WHAT IS EXPECTED: Would you return, word for word, the lines of the data below from the line with "Post-it DEF4X3 Dry" through the line with "Yellow 'Non Stop'", and no others?

INFORMATION PROVIDED:
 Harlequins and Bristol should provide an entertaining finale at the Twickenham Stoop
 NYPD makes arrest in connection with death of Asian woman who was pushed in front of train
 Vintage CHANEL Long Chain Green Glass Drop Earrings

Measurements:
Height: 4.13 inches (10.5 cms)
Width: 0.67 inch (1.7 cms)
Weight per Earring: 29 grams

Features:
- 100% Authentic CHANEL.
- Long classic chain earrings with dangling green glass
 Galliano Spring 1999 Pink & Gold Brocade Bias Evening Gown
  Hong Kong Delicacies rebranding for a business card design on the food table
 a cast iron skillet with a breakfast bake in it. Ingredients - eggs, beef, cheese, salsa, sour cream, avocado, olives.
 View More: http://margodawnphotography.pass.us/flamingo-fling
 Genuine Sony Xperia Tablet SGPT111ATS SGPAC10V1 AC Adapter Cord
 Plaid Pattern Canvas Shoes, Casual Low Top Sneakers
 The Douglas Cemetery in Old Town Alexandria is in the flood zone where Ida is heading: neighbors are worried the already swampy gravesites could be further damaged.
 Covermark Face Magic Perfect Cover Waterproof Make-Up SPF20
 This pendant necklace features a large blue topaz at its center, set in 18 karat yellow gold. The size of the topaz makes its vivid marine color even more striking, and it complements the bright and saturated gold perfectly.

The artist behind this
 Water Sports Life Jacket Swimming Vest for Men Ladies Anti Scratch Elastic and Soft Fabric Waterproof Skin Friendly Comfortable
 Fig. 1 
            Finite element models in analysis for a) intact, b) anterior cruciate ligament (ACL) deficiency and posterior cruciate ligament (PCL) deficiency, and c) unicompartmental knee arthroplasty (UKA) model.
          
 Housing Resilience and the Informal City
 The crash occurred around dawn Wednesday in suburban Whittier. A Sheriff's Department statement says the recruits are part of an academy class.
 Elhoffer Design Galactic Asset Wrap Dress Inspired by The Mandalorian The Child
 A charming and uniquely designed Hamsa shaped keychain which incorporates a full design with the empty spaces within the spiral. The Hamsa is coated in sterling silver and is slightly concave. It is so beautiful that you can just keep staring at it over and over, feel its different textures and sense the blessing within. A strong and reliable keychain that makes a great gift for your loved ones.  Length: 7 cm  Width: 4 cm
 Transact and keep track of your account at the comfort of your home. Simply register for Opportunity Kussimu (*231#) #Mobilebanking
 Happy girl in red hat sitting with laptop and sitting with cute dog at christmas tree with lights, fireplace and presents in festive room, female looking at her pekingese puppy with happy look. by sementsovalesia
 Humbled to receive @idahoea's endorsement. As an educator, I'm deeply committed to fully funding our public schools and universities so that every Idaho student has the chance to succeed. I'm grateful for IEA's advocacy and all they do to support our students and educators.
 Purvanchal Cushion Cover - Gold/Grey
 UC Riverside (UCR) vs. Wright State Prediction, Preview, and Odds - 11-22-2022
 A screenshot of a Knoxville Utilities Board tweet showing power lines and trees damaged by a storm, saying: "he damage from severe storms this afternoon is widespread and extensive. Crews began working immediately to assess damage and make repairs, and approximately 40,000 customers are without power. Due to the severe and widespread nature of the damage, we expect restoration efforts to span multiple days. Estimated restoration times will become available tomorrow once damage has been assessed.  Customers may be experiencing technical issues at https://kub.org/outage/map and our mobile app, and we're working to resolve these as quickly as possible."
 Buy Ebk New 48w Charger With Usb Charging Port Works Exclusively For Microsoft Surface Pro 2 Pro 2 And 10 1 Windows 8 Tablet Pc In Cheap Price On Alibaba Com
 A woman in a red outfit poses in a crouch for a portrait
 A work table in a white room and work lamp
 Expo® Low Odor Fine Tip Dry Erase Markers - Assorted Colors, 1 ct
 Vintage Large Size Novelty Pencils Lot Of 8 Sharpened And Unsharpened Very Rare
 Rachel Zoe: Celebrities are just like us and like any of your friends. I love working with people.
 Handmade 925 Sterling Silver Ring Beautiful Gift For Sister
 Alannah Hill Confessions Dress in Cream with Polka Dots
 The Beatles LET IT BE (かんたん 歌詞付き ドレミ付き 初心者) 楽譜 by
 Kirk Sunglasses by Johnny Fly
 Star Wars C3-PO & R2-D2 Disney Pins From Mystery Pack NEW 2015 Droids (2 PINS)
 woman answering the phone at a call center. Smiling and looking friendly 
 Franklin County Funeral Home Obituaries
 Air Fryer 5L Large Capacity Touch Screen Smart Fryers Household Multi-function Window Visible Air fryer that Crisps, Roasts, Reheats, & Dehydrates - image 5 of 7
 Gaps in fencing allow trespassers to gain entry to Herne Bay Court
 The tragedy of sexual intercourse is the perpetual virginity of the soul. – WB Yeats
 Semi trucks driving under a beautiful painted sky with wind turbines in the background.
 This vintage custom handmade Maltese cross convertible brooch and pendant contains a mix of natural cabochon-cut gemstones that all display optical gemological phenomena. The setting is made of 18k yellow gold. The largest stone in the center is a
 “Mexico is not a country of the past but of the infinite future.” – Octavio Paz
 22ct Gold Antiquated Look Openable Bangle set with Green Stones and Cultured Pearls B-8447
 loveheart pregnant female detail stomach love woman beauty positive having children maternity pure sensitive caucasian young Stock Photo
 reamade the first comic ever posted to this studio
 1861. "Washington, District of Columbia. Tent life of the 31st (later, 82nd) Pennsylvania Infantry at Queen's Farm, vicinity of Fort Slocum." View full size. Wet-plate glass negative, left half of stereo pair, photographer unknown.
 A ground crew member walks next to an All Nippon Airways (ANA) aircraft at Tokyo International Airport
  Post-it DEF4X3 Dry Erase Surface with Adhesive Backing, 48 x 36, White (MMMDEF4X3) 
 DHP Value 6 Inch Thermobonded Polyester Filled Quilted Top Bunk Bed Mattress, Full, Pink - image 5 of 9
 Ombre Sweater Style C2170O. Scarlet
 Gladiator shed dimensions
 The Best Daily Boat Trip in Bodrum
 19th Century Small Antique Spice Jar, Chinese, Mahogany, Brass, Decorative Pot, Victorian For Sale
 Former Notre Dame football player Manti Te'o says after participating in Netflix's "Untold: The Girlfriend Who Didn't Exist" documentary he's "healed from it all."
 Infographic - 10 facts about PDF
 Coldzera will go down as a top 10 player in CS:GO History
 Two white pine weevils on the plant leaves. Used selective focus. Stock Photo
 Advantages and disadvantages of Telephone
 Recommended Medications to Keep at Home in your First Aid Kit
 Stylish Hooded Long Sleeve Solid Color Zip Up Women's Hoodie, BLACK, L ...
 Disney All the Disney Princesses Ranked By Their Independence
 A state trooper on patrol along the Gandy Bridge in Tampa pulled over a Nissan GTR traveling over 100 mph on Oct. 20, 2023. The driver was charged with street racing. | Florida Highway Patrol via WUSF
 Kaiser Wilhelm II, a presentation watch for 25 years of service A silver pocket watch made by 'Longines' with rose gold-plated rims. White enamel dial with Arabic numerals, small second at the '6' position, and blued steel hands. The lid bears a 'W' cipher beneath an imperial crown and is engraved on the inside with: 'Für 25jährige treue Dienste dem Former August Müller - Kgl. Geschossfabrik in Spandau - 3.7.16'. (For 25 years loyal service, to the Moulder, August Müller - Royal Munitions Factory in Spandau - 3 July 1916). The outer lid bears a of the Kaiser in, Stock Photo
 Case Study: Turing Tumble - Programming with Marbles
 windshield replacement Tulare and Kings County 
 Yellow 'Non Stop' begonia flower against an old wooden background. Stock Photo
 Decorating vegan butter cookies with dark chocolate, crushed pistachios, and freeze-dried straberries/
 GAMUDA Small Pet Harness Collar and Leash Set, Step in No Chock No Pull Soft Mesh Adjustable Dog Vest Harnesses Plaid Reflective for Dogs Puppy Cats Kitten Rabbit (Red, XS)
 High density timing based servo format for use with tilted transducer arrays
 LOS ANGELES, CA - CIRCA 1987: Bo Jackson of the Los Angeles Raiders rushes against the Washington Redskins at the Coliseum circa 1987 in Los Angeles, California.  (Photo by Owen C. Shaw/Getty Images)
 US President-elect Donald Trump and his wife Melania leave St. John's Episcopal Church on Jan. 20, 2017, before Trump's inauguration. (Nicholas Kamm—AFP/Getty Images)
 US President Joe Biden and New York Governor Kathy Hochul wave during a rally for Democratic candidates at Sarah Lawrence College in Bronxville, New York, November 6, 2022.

PROBLEM SOLUTION:
  Post-it DEF4X3 Dry Erase Surface with Adhesive Backing, 48 x 36, White (MMMDEF4X3) 
 DHP Value 6 Inch Thermobonded Polyester Filled Quilted Top Bunk Bed Mattress, Full, Pink - image 5 of 9
 Ombre Sweater Style C2170O. Scarlet
 Gladiator shed dimensions
 The Best Daily Boat Trip in Bodrum
 19th Century Small Antique Spice Jar, Chinese, Mahogany, Brass, Decorative Pot, Victorian For Sale
 Former Notre Dame football player Manti Te'o says after participating in Netflix's "Untold: The Girlfriend Who Didn't Exist" documentary he's "healed from it all."
 Infographic - 10 facts about PDF
 Coldzera will go down as a top 10 player in CS:GO History
 Two white pine weevils on the plant leaves. Used selective focus. Stock Photo
 Advantages and disadvantages of Telephone
 Recommended Medications to Keep at Home in your First Aid Kit
 Stylish Hooded Long Sleeve Solid Color Zip Up Women's Hoodie, BLACK, L ...
 Disney All the Disney Princesses Ranked By Their Independence
 A state trooper on patrol along the Gandy Bridge in Tampa pulled over a Nissan GTR traveling over 100 mph on Oct. 20, 2023. The driver was charged with street racing. | Florida Highway Patrol via WUSF
 Kaiser Wilhelm II, a presentation watch for 25 years of service A silver pocket watch made by 'Longines' with rose gold-plated rims. White enamel dial with Arabic numerals, small second at the '6' position, and blued steel hands. The lid bears a 'W' cipher beneath an imperial crown and is engraved on the inside with: 'Für 25jährige treue Dienste dem Former August Müller - Kgl. Geschossfabrik in Spandau - 3.7.16'. (For 25 years loyal service, to the Moulder, August Müller - Royal Munitions Factory in Spandau - 3 July 1916). The outer lid bears a of the Kaiser in, Stock Photo
 Case Study: Turing Tumble - Programming with Marbles
 windshield replacement Tulare and Kings County 
 Yellow 'Non Stop' begonia flower against an old wooden background. Stock Photo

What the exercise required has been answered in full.